Correlations

The correlation tab will calculate the correlation matrix for the currently selected fitting parameters at their current value. This allows us to estimate if any parameters are strongly correlated.

(NOTE: After a fit has completed, the  final correlation matrix will be determined for the best fit values automatically and displayed on the "Fitting Details" tab. The "EPR Parameters...Correlations" tab allows us to estimate correlations from the starting values before fitting). 

The correlations are displayed as a matrix containing all possible pairwise parameter combinations. The values are in the range from -1 to 1, where 0 means no correlation, "-1" means 100% negatively correlated, and "1" means 100% correlated. The background color has a red tint proportional to the absolute correlation value.

Troublesome correlations show in dark red!

Any fitting parameter is correlated to some degree with all other parameters so a correlation of zero typically does not occur.

What are correlated parameters?

A correlation shows how much the change in one parameter can be compensated by a change in another parameter for a nearly equally good fit.

For example, if we have two parameters (A1, A2) and are trying to solve A1 + A2 = 10, there is an infinite number of solutions because the two parameters are 100% negatively correlated. Any change in A1 can be fully compensated by a change in A2 for a perfect solution. Since an increase in A1 can be compensated by a decrease in A2, the correlation is -1. IF we fix A1, there is one unique solution for A2.

What causes EPR parameters to be correlated?

All parameters are correlated to some degree. For example an increase in rate increases the amplitude of the central line that can be somewhat (but not perfectly!) compensated by a decrease in scale. Rate and scale are thus correlated with a negative value.  Even a relatively strong correlation might be OK, but If two parameters are highly correlated (e.g. |r|>0.95), one of them needs to be fixed at a reasonable value to successfully fit for the other.

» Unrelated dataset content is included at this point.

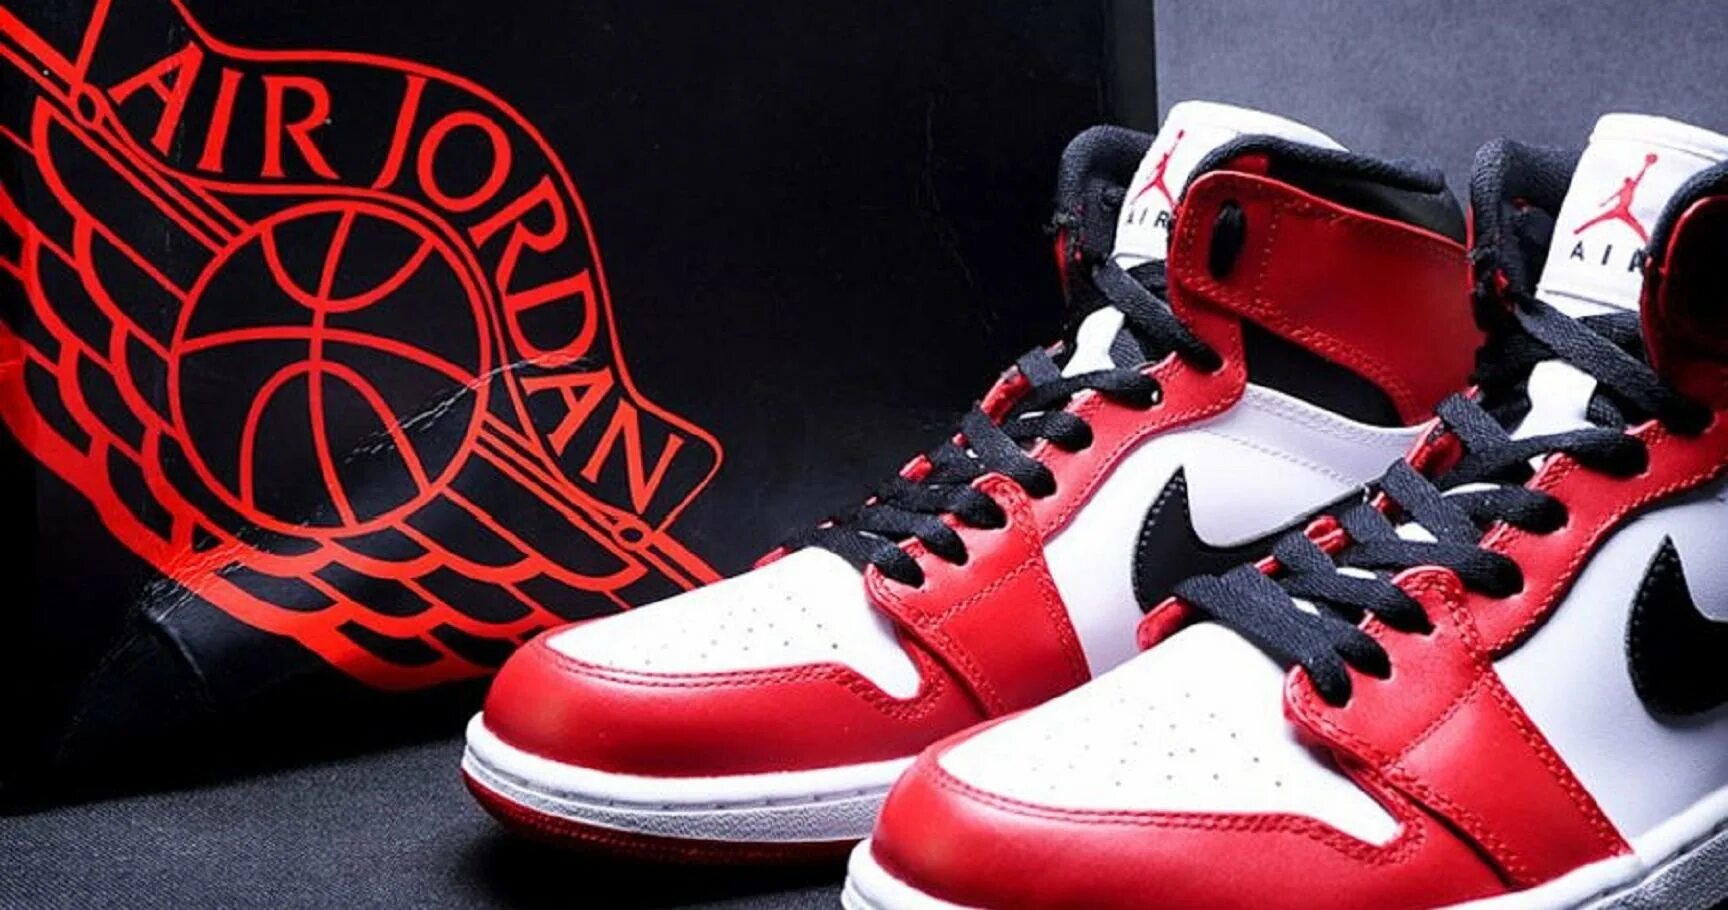 Nike Air Jordan 1 Retro. Nike Air Jordan 1 Retro Chicago. Nike Air Jordan 1 Chicago. Джорданы 1 оригинал

In EPR, a very strong correlation exists between the isotropic g value (g1) and the shift parameter, because they both move the spectrum left or right without changing the lineshape much. The correlation between "g1" and "shift" will be close to 1.0.

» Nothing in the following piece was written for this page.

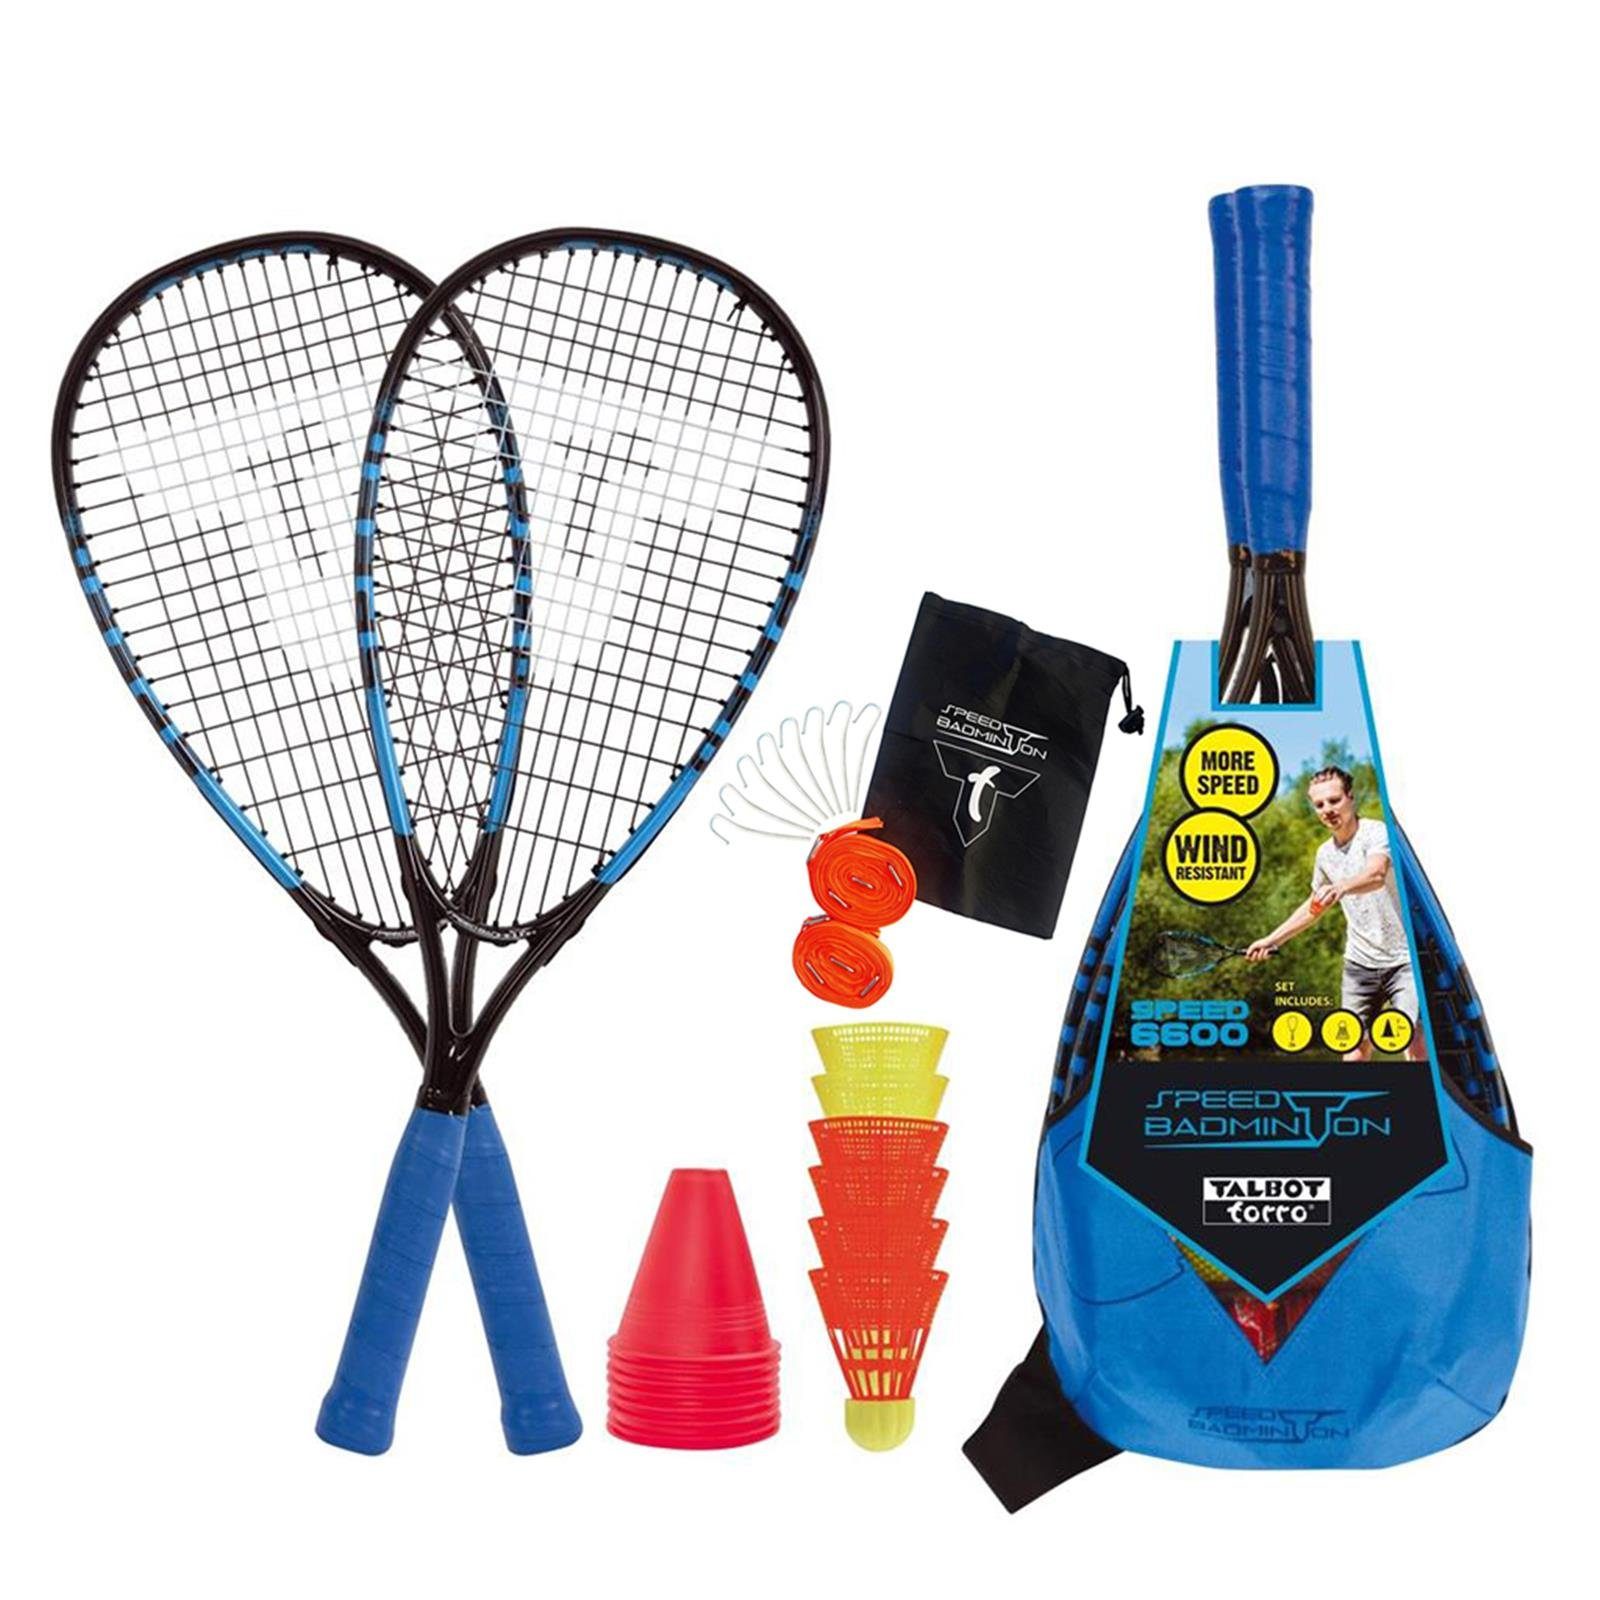 Talbot-Torro Speed-Badmintonschläger Speed-Badminton + Set Court 6600 Speed Line

Correlation might depend on the values of other parameters. For example Ax, Ay, Az are highly correlated to each other for fast motion, but uncorrelated for slow motion. For fast motion, only fit for A1, i.e. the isotropic average.

Use the correlation tool to potentially identify correlations between the parameter estimates, but note that the correlations could be different at the best fit values. The correlations will be most meaningful if the parameter estimates are reasonable.